If `storage_redis` cannot connect to the Redis server, caching will silently\
be disabled and a connection attempt will be made after a [timeout](#timeout)\
interval.

If a timeout error occurs during an operation, reconnecting will be attempted\
after a delay, which will be an increasing multiple of `timeout`. For example,\
if `timeout` is the default 5 seconds, then reconnection attempts will first\
be made after 10 seconds, then after 15 seconds, then 20 and so on. However,\
once 60 seconds have been reached, the delay will no longer be increased but\
the delay will stay at one minute. Note that each time a reconnection attempt\
is made, unless the reason for the timeout has disappeared, the client will be\
stalled for `timeout` seconds.

`storage_redis` has the following parameters:

**`server`**

* Type: The Redis server address specified as `host[:port]`
* Mandatory: Yes
* Dynamic: No

If no port is provided, then the default port `6379` will be used.

**`username`**

* Type: string
* Mandatory: No
* Dynamic: No
* Default: `""`

Please see [authentication](#authentication) for more information.

**`password`**

* Type: string
* Mandatory: No
* Dynamic: No
* Default: `""`

Please see [authentication](#authentication) for more information.

**`ssl`**

* Type: [boolean](https://mariadb.com/docs/maxscale/maxscale-archive/archive/mariadb-maxscale-25-01/mariadb-maxscale-25-01-getting-started/mariadb-maxscale-2501-maxscale-2501-mariadb-maxscale-configuration-guide)
* Mandatory: No
* Dynamic: No
* Default: `false`

Please see [ssl](#ssl-1) for more information.

**`ssl_cert`**

* Type: Path to existing readable file.
* Mandatory: No
* Dynamic: No
* Default: `""`

The SSL client certificate that MaxScale should use with the Redis\
server. The certificate must match the key defined in `ssl_key`.

Please see [ssl](#ssl-1) for more information.

**`ssl_key`**

* Type: Path to existing readable file.
* Mandatory: No
* Dynamic: No
* Default: `""`

The SSL client private key MaxScale should use with the Redis server.
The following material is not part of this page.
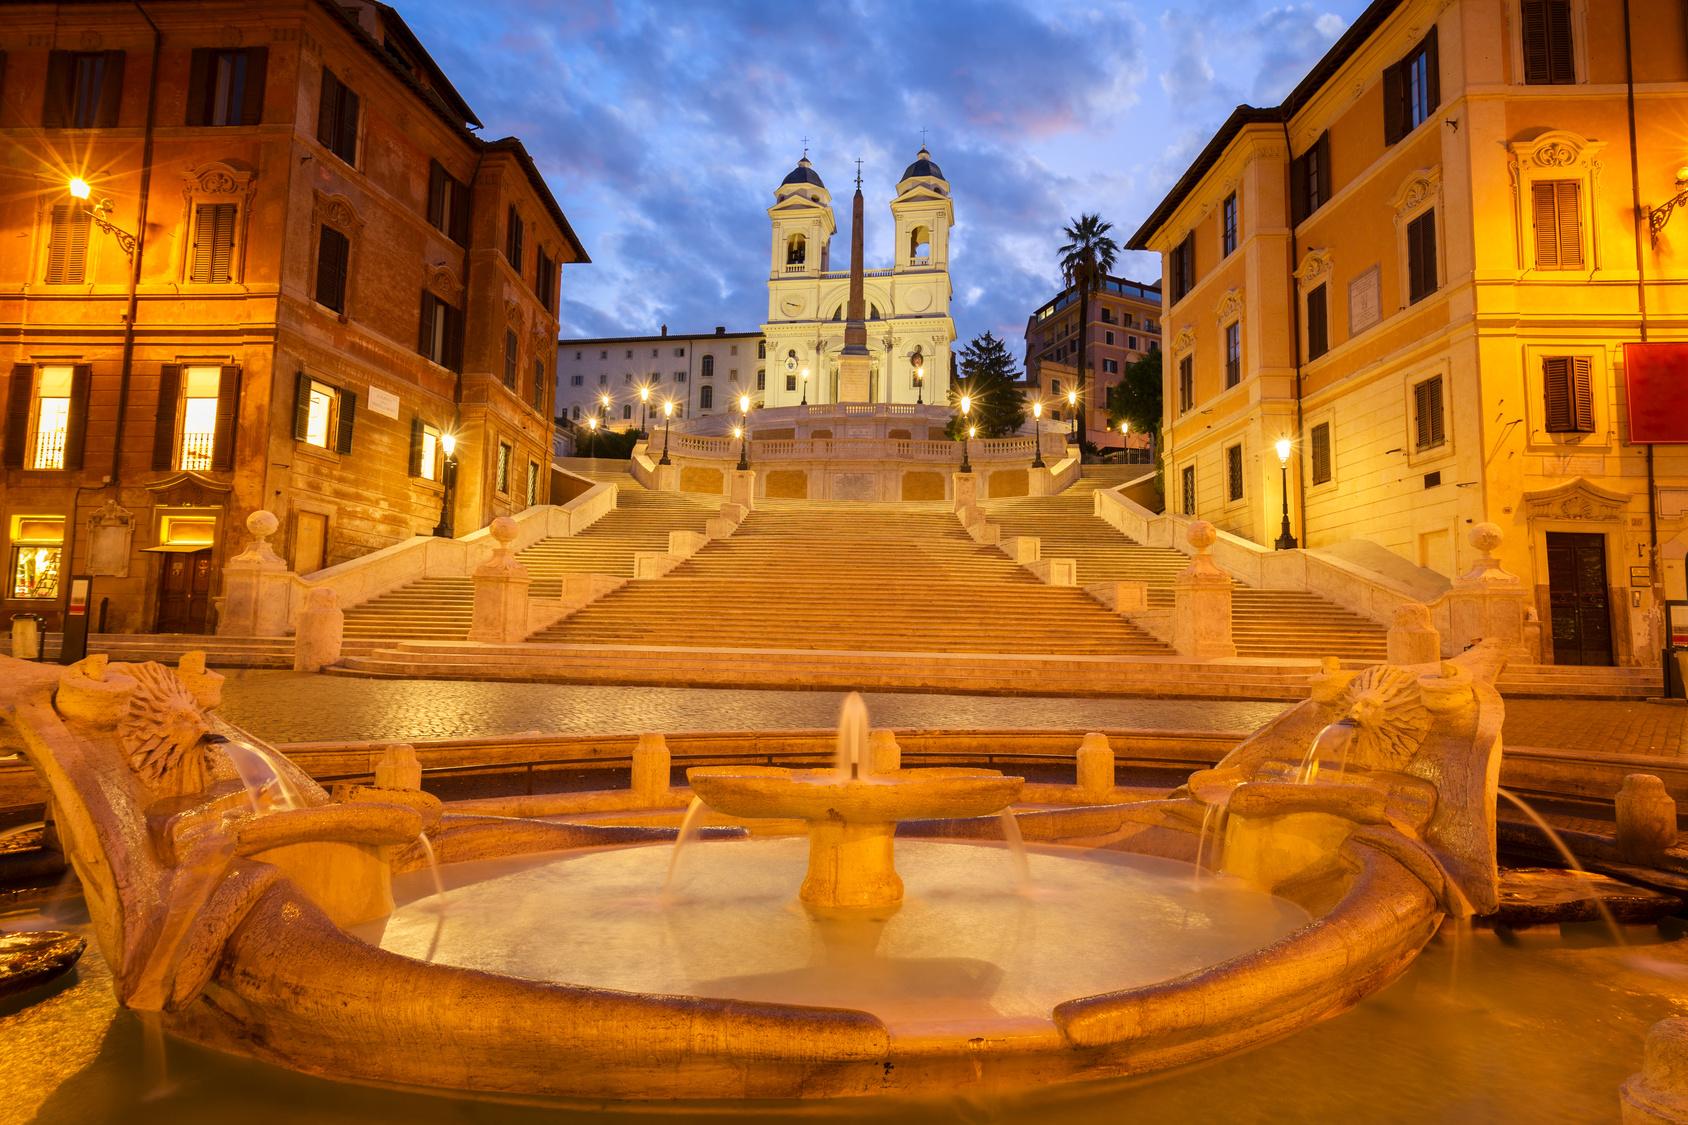 Die Spanische Treppe In Rom Fe Reisetouristik
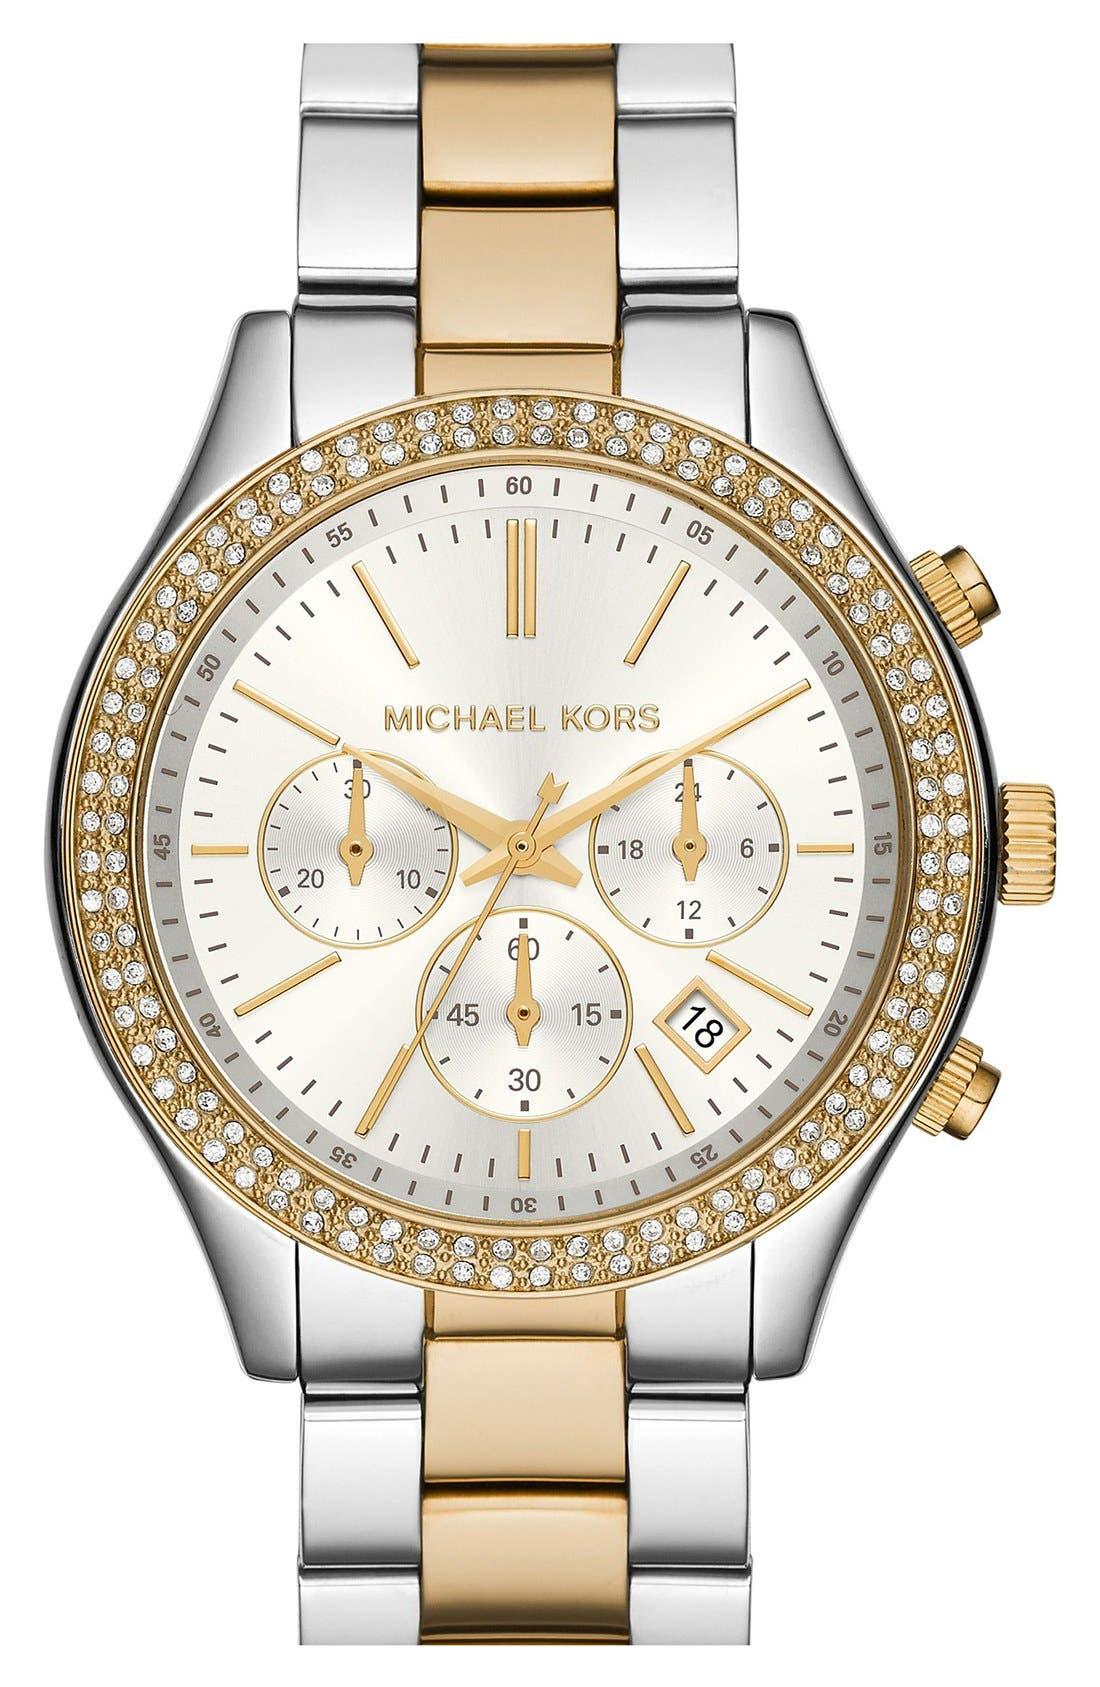 Main Image - Michael Kors 'Slim Runway' Crystal Bezel Chronograph Bracelet Watch, 42mm (Nordstrom Exclusive)

Please see [ssl](#ssl-1) for more information.

**`ssl_ca`**

* Type: Path to existing readable file.
* Mandatory: No
* Dynamic: No
* Default: `""`

The Certificate Authority (CA) certificate for the CA that signed the\
certificate specified with `ssl_cert`.

Please see [ssl](#ssl-1) for more information.

**Authentication**

If `password` is provided, MaxScale will authenticate against Redis when a connection\
has been created. The authentication is performed using the [auth](https://redis.io/commands/auth/) command, with only the `password` as argument,\
if no `username` was provided in the configuration, or `username` and `password` as\
arguments, if both were.

Note that if the authentication is in the Redis configuration file\
specified using `requirepass`, then only the *password* should be provided.\
If the Redis server version is 6 or higher and the *Redis ACL system* is used,\
then both *username* and *password* must be provided.

**SSL**

If `ssl_key`, `ssl_cert` and `ssl_ca` are provided, then SSL/TLS will be used\
in the communication with the Redis server, if `ssl` is set to `true`.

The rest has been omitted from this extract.